Segment Open
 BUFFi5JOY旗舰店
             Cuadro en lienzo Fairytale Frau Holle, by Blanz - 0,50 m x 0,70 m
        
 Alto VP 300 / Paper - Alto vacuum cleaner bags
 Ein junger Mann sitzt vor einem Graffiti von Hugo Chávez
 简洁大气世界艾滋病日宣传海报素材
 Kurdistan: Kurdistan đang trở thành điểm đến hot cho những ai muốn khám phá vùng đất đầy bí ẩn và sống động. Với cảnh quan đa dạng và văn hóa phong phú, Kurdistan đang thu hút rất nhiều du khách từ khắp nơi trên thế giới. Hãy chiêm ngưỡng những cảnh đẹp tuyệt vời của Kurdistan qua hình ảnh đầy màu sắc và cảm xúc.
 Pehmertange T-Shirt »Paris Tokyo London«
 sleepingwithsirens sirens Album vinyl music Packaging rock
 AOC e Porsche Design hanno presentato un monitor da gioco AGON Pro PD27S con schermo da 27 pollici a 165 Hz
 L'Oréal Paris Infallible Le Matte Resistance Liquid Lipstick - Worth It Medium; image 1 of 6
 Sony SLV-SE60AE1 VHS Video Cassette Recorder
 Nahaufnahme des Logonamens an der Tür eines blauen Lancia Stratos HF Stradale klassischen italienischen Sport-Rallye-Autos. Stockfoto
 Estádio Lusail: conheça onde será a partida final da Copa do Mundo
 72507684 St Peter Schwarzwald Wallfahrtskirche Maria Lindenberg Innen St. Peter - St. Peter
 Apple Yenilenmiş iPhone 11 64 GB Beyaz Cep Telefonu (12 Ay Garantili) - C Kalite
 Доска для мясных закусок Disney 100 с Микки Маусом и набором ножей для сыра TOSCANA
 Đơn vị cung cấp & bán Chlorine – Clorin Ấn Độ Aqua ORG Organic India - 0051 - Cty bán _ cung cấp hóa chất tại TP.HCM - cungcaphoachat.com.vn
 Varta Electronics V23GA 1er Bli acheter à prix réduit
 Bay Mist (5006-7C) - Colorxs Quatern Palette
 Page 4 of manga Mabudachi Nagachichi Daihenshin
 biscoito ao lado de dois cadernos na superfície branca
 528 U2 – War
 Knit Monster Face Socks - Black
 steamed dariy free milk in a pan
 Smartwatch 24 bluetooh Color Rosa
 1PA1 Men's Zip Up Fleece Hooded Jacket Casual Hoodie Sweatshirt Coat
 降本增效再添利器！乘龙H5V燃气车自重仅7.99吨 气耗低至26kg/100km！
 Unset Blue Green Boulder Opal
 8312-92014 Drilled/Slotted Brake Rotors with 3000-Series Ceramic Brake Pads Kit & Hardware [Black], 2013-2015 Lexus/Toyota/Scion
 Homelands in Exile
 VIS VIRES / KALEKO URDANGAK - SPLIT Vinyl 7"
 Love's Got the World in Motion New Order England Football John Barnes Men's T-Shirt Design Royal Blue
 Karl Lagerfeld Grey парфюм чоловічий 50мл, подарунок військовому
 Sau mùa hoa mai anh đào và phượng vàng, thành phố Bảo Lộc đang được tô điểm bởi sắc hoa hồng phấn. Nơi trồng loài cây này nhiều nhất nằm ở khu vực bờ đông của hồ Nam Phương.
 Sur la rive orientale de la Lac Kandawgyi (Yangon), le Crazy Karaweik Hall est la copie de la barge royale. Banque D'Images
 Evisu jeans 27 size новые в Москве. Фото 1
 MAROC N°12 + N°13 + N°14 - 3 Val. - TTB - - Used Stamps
Segment Closed
Directions for this task:
Give only how many lines above hold "Paris".

Response to this task:
2